There is, of course, a complication here: if a scroll mummy is destroyed and the soul vessel survives, the lich it belongs to will reform within 1d10 days. It will likely also be pretty angry at whoever decided to turn it into a glorified battery.
The first scroll mummy ever created was named Grisgol, and its heart was the vessel of the lich Asperdies. Legend has it that Asperdies eventually found a way to break out of his imprisonment and took his revenge on Grisgol’s creators. To this day, wizards who are particular about terminology prefer to call these constructs “grisgols” since they aren’t true mummies.
The Numbers
Grisgols are Large Natural Animates with the Construct keyword, and also Level 15 Elite Soldiers with 276 HP. That puts them at about the same power level or a bit higher than a typical lich. Its basic attack is a Paralyzing Claw, borrowing the power of a lich’s touch. It’s Reach 2, does necrotic damage, and immobilizes for a turn.
Once per round as a minor action, the grisgol can cast a spell from one of the scrolls wrapping it. The GM rolls a d6 to determine the effect. All of them are bursts or blasts with different elemental damage types and riders.
-
Boiling Blood: Close Burst 2 vs. Fortitude, immediate and ongoing fire damage on a hit (save ends).
-
Ice Barrage: Close Blast 5 vs. Reflex, cold damage, half on a miss.
-
Lightning Lure: Close Blast 5 vs. Reflex, lightning damage, pulls 4 squares.
-
Shadowy Tendrils: Close Burst 2 vs. Fortitude, necrotic damage, inflicts necrotic vulnerability (save ends).
-
Thunderforce Pulse: Close Burst 2 vs. Fortitude, thunder and force damage, knocks prone.
-
Wave of Madness: Close Blast 5 vs. Will, psychic damage, target must choose between making a basic attack against an adjacent ally or taking extra psychic damage.
I imagine that in past editions these would be standard spells, but here they’re custom.
When a grisgol is reduced to 0 HP, it collapses and releases a cloud of Choking Dust in a Close Burst 2. This attack does both immediate and ongoing necrotic and poison damage (save ends).
Final Impressions
It’s interesting that Vecna, who spreads lichdom rituals, would also be the source of the recipe for scroll mummies.
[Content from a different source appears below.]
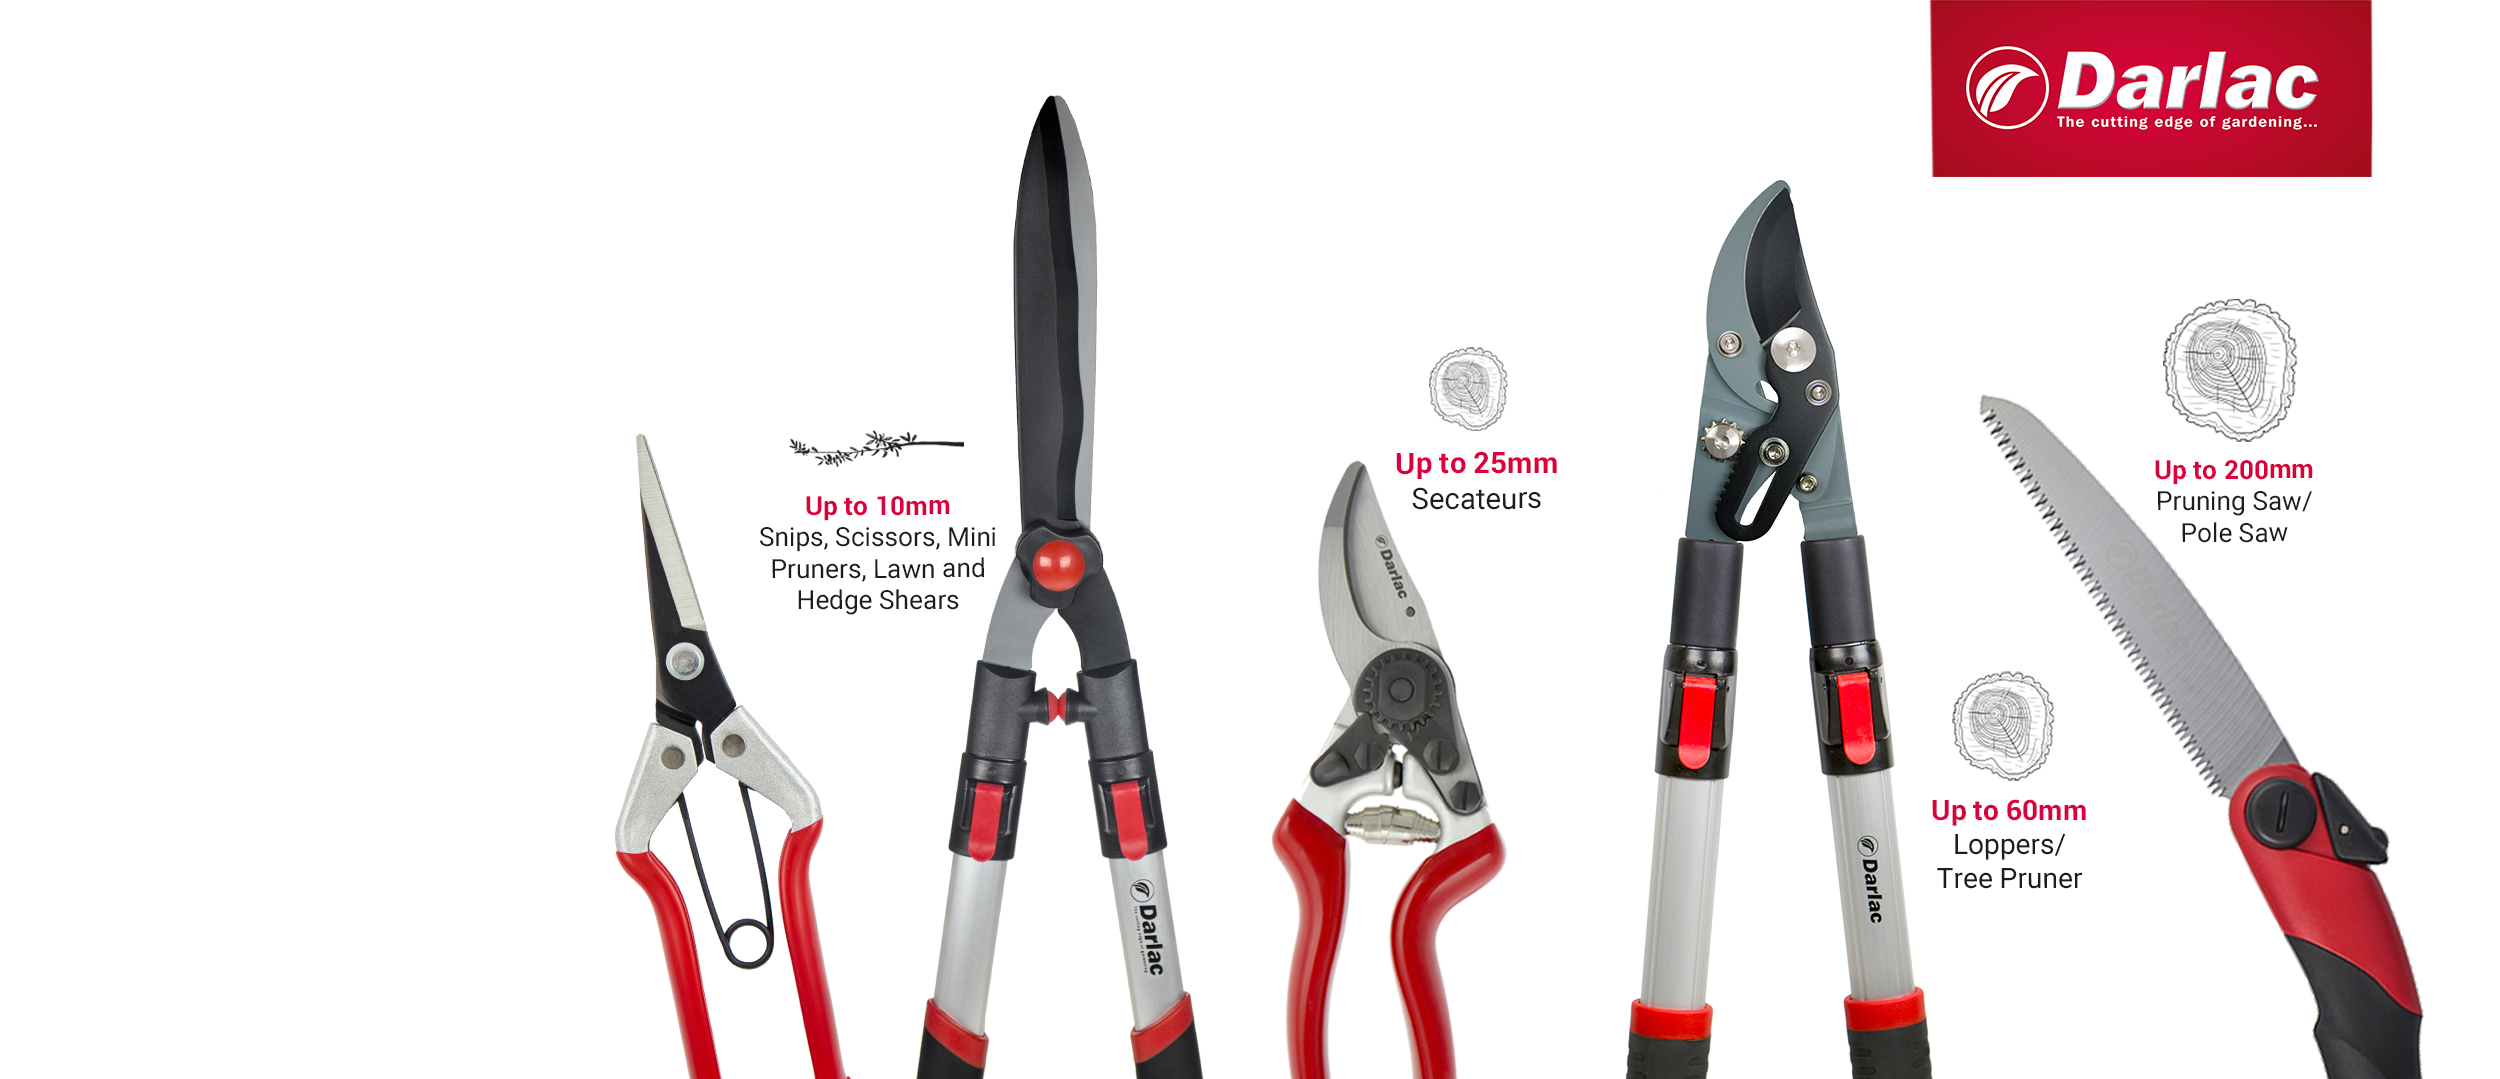 darlac range of cutting tools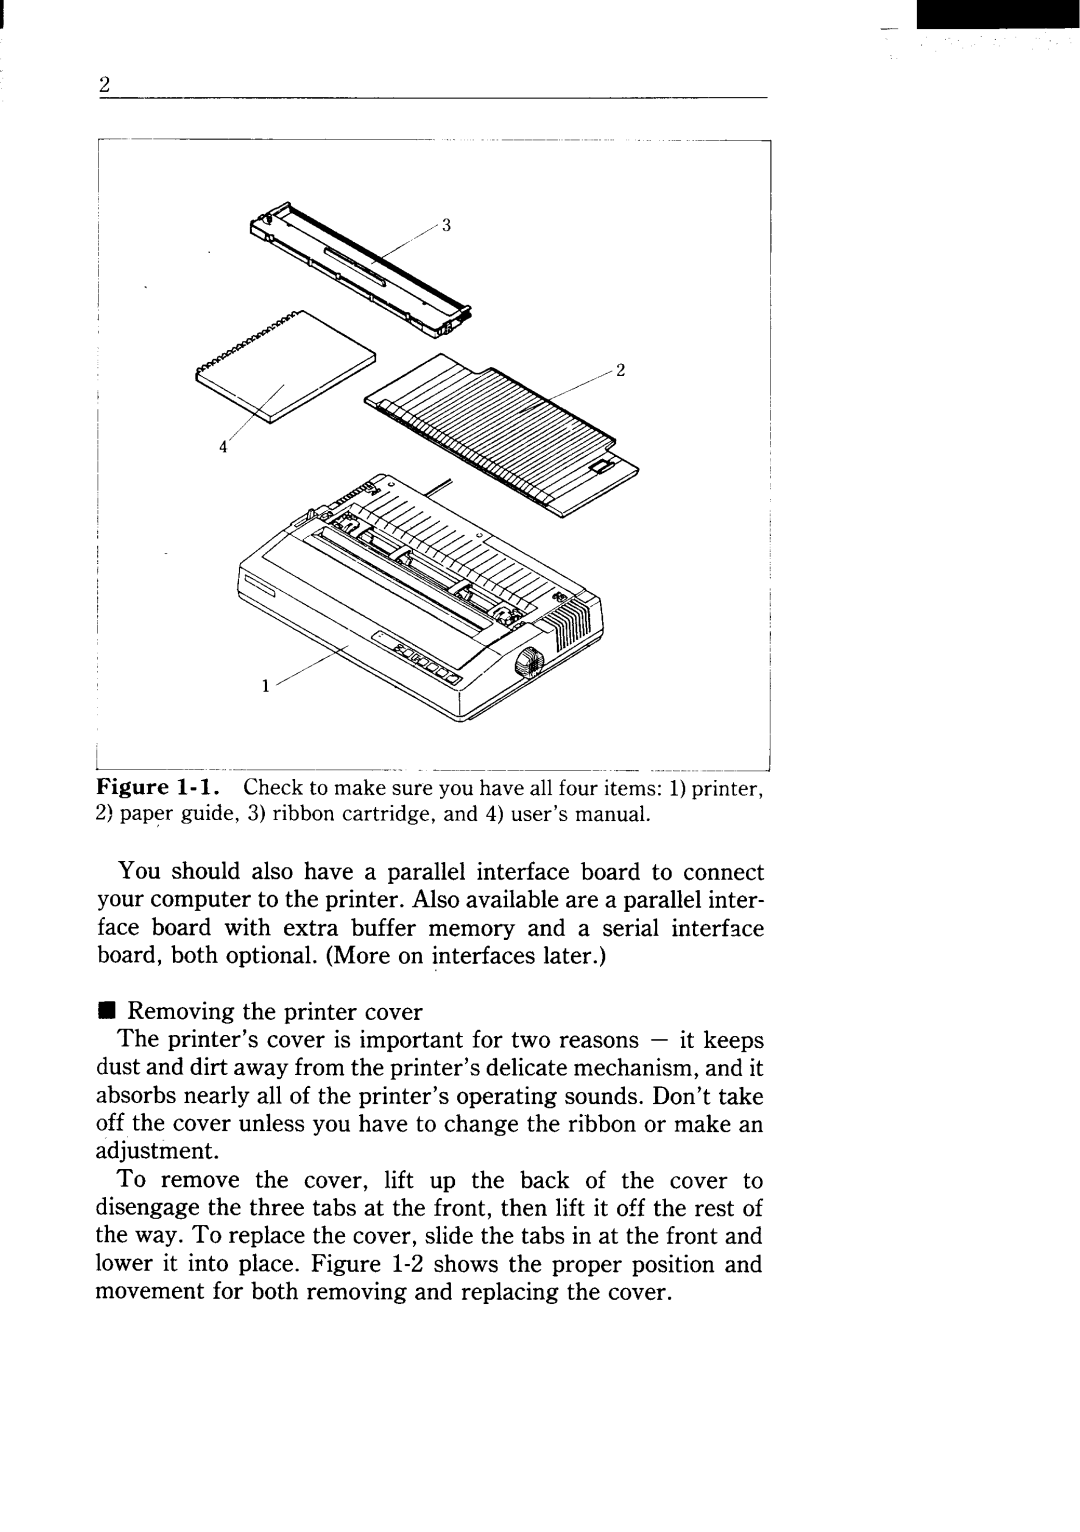 Star Micronics NX-15 user manual Removing the printer cover

Maybe it was all a scam from the start, or maybe he feels it’s a waste to simply kill all those “competing” liches who are affiliated with Orcus.
I guess this also gives a plausible reason for some shady wizards to not want to become liches. “A lich? You mean like those things I use to power my guards?”
In addition the treasure these things might be guarding, their own bodies might serve as a plausible source of treasure for an encounter. Maybe one of those broken magic items isn’t so broken after all, and maybe you can bring combat scrolls back into 4e by giving them out as consumables that let PCs use one of the grisgol’s spell attacks once.